## EXERCISE REQUIREMENTS
Your task is to copy the stretch of lines in the records below that begins with the line containing "Ashley Lauren 11222" and ends with the line containing "VERBATIM Clé USB", exactly as written, with nothing added.

## LISTED RECORDS
- - - -

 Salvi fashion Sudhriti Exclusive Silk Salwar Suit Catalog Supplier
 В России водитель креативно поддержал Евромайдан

- - - -

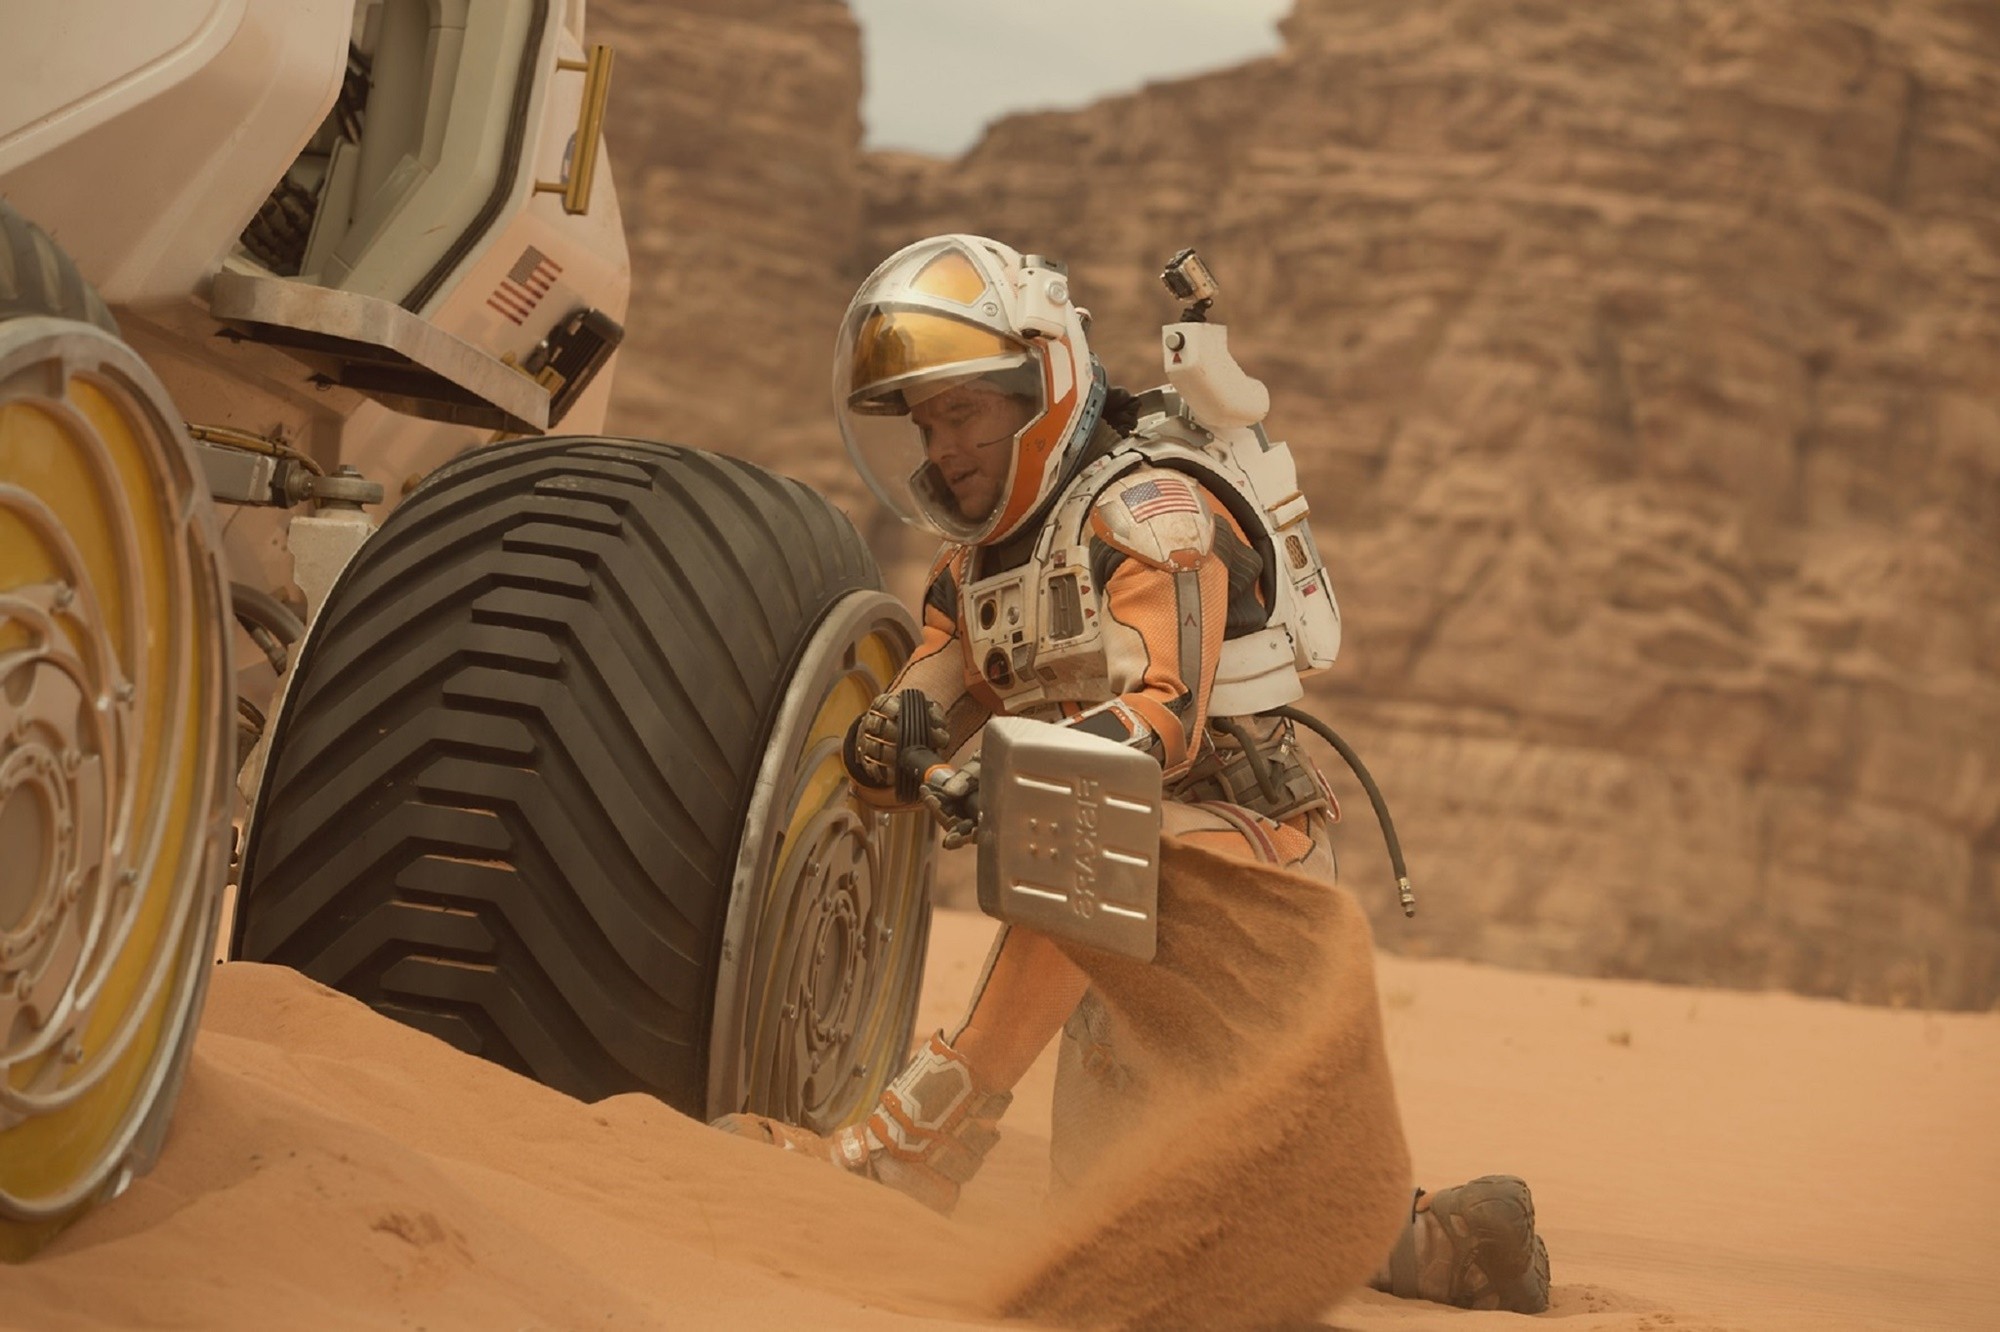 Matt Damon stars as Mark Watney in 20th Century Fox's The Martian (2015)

- - - -

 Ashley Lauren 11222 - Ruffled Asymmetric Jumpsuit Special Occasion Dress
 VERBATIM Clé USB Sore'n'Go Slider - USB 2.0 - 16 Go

- - - -

## ANSWER TO THIS PROBLEM
 Ashley Lauren 11222 - Ruffled Asymmetric Jumpsuit Special Occasion Dress
 VERBATIM Clé USB Sore'n'Go Slider - USB 2.0 - 16 Go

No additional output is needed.